AI Document Formatting: Enhancing OCR With Claude
Hey guys, let's dive into a cool feature request that seriously boosts the accuracy of Optical Character Recognition (OCR) by harnessing the power of AI! The main goal? To use Claude's vision to analyze original document images and reformat the extracted text, keeping that crucial visual indentation that OCR often messes up. Basically, making digital documents look as good as the real thing.
Original Request
So, the user's big idea was to leverage Claude's vision capabilities to examine the original document image and then intelligently reformat the extracted text. The aim is to mirror the visual indentation structure, which is often lost during the OCR process. As the user aptly put it, Google Vision API is fantastic at grabbing text but not so great at preserving its original formatting and indentation. The core ask was:
"let's have agents look at the image and rearrange the text to the right indention given this text extraction and the image itself to see if the agents can make this more accurate. Google vision api is really good at extracting text but not so much formatting it in the same indention."
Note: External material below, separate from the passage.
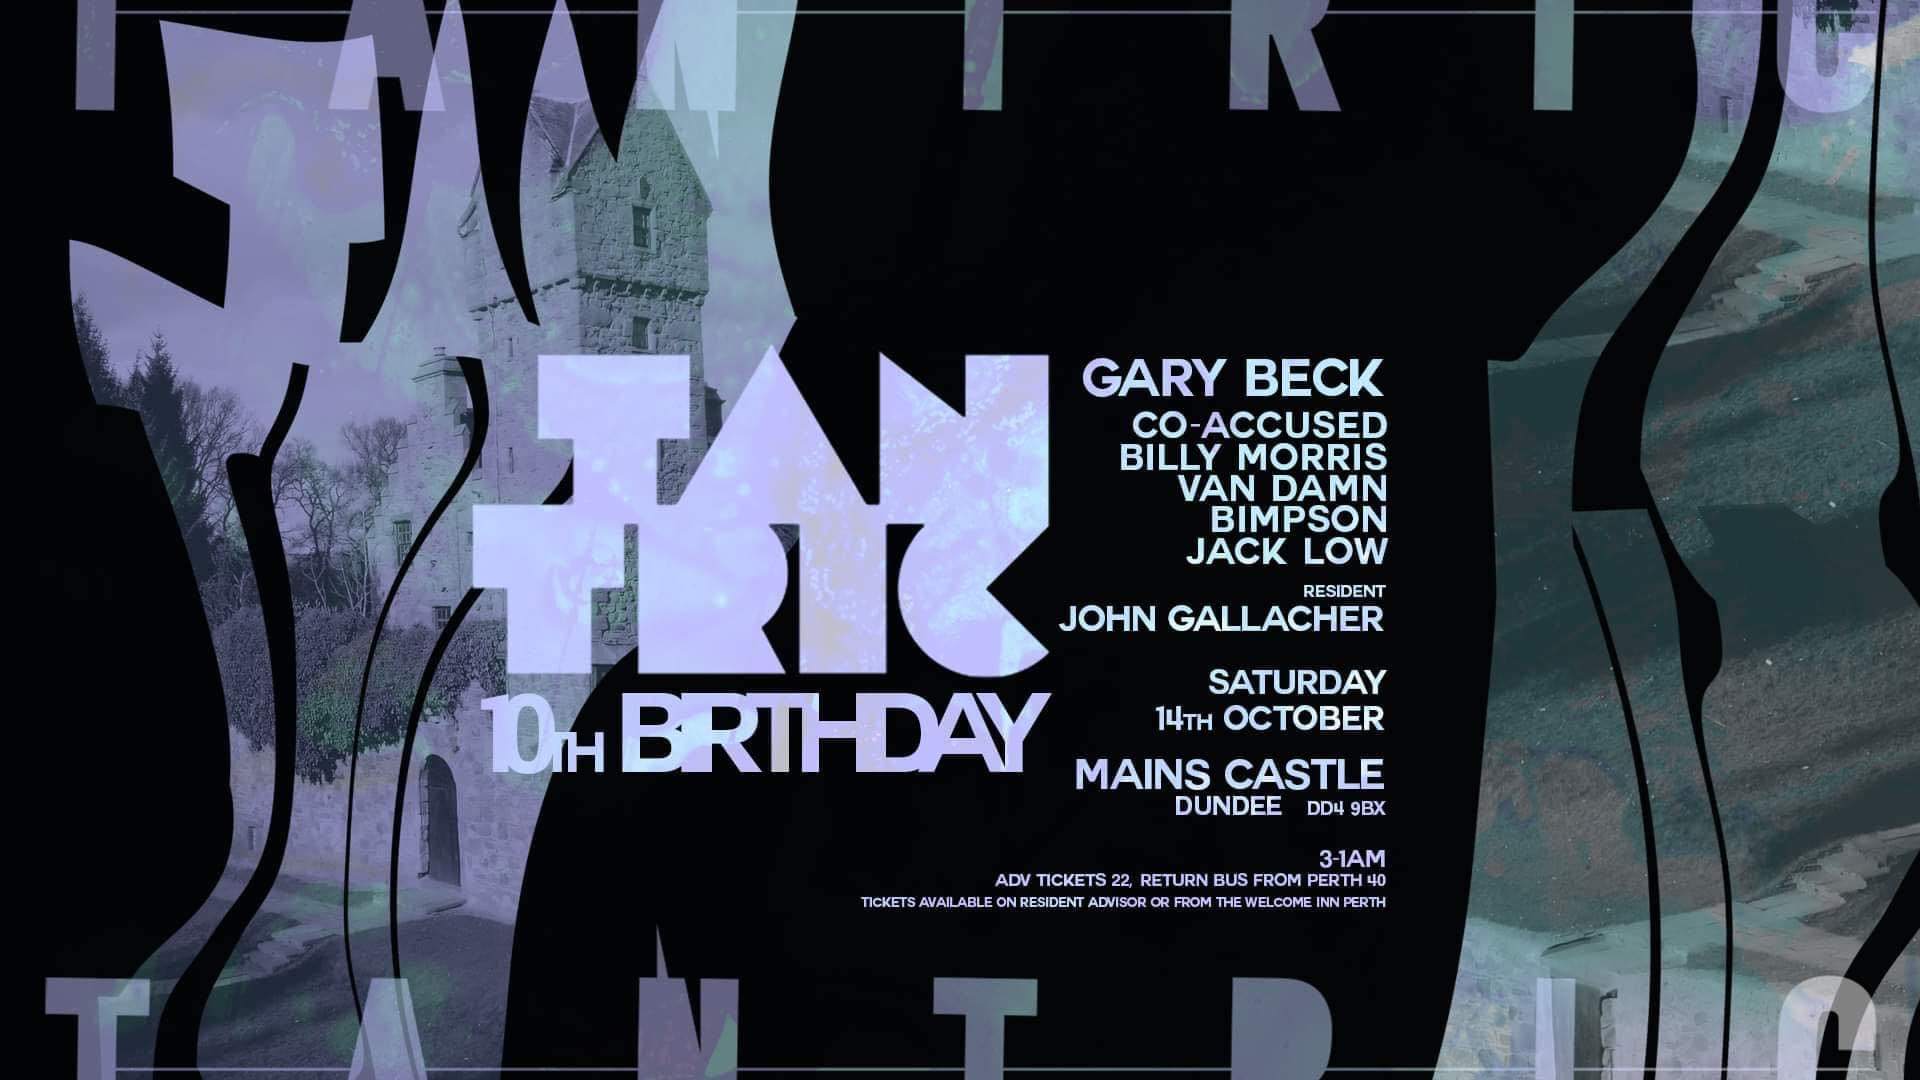 Tantric 10th Birthday Special with Gary Beck - フライヤー裏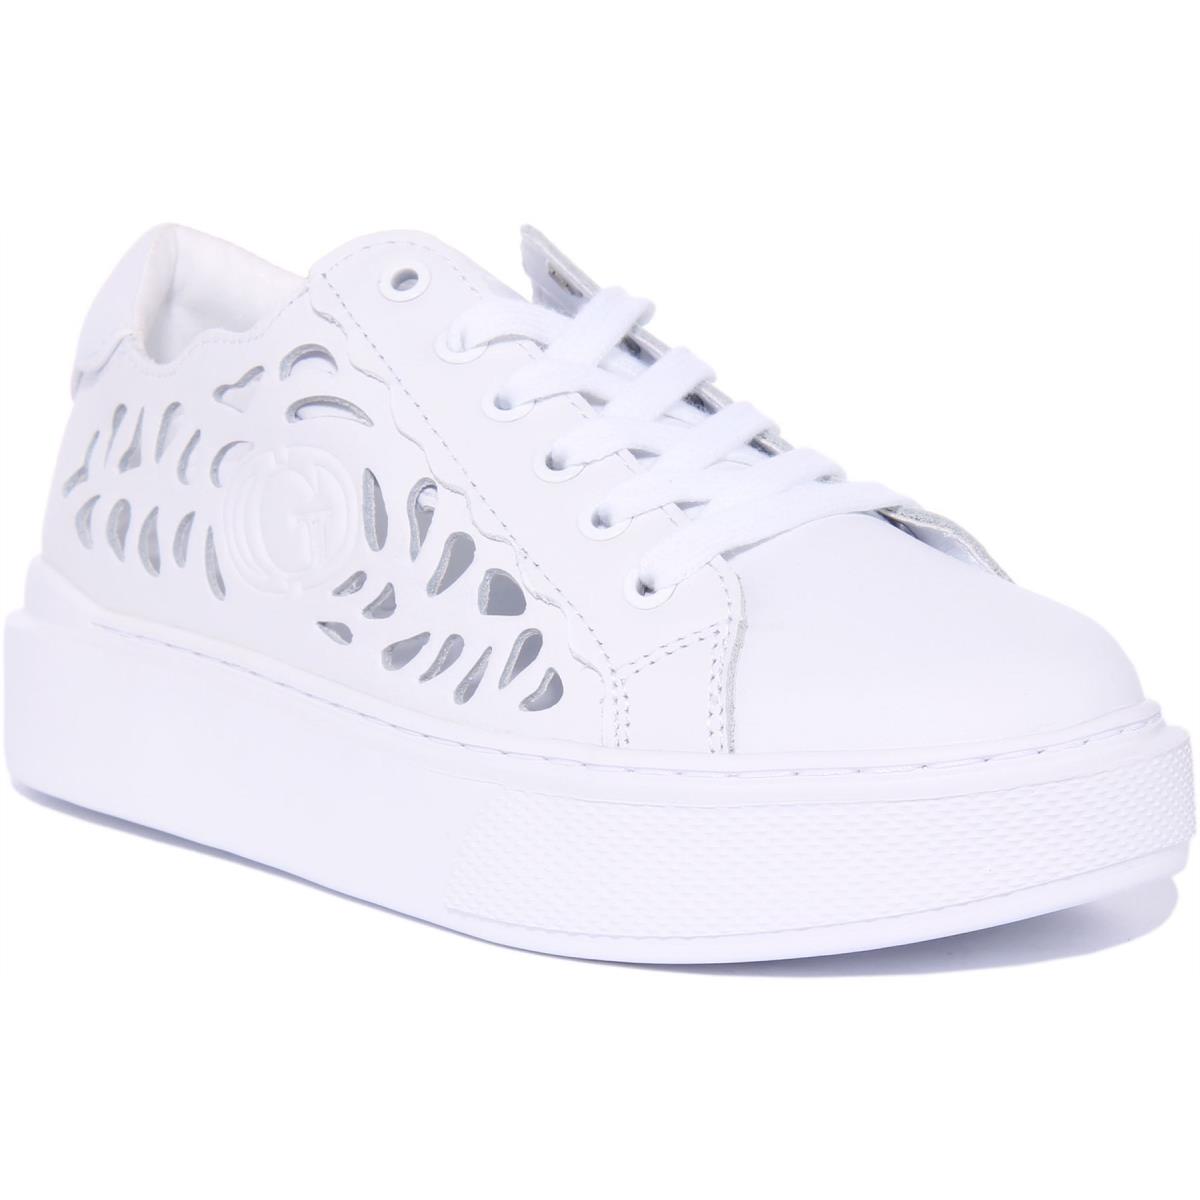 Guess Fl5Ppzlea12 Pepzi Womens Lace Up Leather Blend Sneakers Size US 5 - 11 WHITE

This feature aims to solve a common problem: while OCR technology excels at recognizing text, it often fails to maintain the document's original layout, including indentation, spacing, and other formatting nuances. This can be particularly problematic when dealing with structured documents such as code, configuration files, or YAML configurations where indentation is crucial for readability and functionality. By integrating AI-driven analysis of the document's visual structure, the goal is to bridge this gap and produce more accurate and usable text extractions.
User Prompts
Throughout the development process, the user provided valuable feedback and insights through a series of prompts:
- Initial request: "the endpoint response was good. it was the following: success}"
- Feature request: "let's have agents look at the image and rearrange the text to the right indention given this text extraction and the image itself to see if the agents can make this more accurate. Google vision api is really good at extracting text but not so much formatting it in the same indention."
- Error reports: The user encountered several runtime errors during deployment, which were addressed and resolved iteratively.
- Success confirmation: "it works. lets create a github issue capturing the work effort."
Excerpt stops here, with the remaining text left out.